Rightly or wrongly, there is a perception that women cannot write convincingly and authentically about guns, weapons, biological, or otherwise, explosions, flying in helicopters, tearing off on motorbikes and security service issues - unless of course you happen to have been an intelligence officer.

And, while there is long tradition of female writers creating male detectives - P.D. James and Adam Dalgleish - how many female writers do you know who have male action adventure heroes as their main leads? Hence, I reckoned, that if I couldn't beat my male counterparts, I'd join them.

How do you create characters?

I should make it clear that I don't know any assassins, or at least I don't think I do! Hex was a composite. I'm a news junkie. It started off, as often occurs, with a newspaper snippet about a banker who 'accidentally jumped' to his death in Shanghai.

Immediately, I wondered what kind of guy would push him?
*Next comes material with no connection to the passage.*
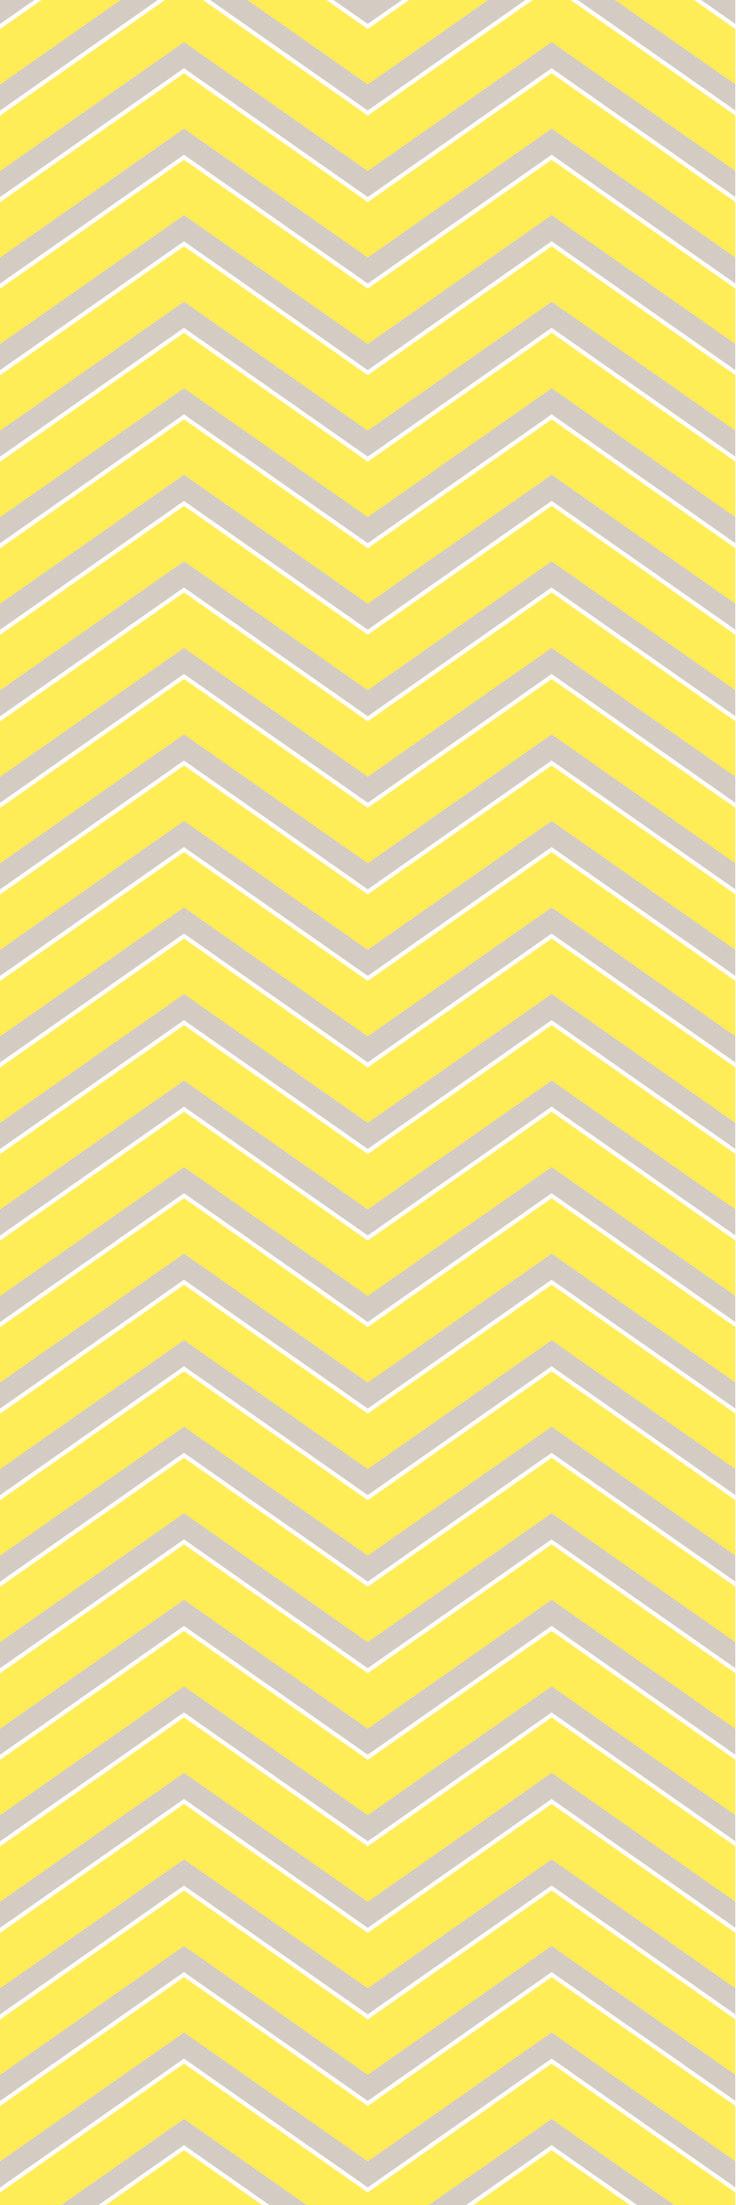 Custom printed Chevron wallpaper from the 'DUCKLING' colour range #chevron #wallpaper #muurgraphics

Was it someone paid to do it, greed his primary motivation, or because killing turned him on?

A few years ago, I spent an evening at the headquarters where firearms officers, MOD, security service personnel, foreign and national, and the SAS train so I decided to draw on that experience. I've only ever shot someone in a simulated incident but my physical and mental reaction to it took me entirely by surprise. This is the element that I always bear in mind when writing Hex.

My big challenge was how to make a bad guy a decent man - hence the volte-face in the first chapter. Next, I had to sort out a story for him to really get his hooks into. Around the same time, I discovered a book about the death of Dr David Kelly - and found out, to my astonishment, that attempts had been made to create ethnic specific bio-weapons during the 1980?s in South Africa. Horrified, I decided to use it to enable Hex to have a noble cause: the prevention of such a weapon being used.

What's the Appeal of thrillers?

We all like to be scared. It's in our genes as evidenced by the increase in popularity of extreme sports. At least you don't have to be young and fit to read and be frightened to death in print. Our terror, these days, comes from job insecurity, not enough money, the fear of losing our looks and growing old in a society that prizes youth and health and immortality. By reading about the sharp end of life, we can tap into something elemental and get a vicarious kick out of it without suffering the consequences.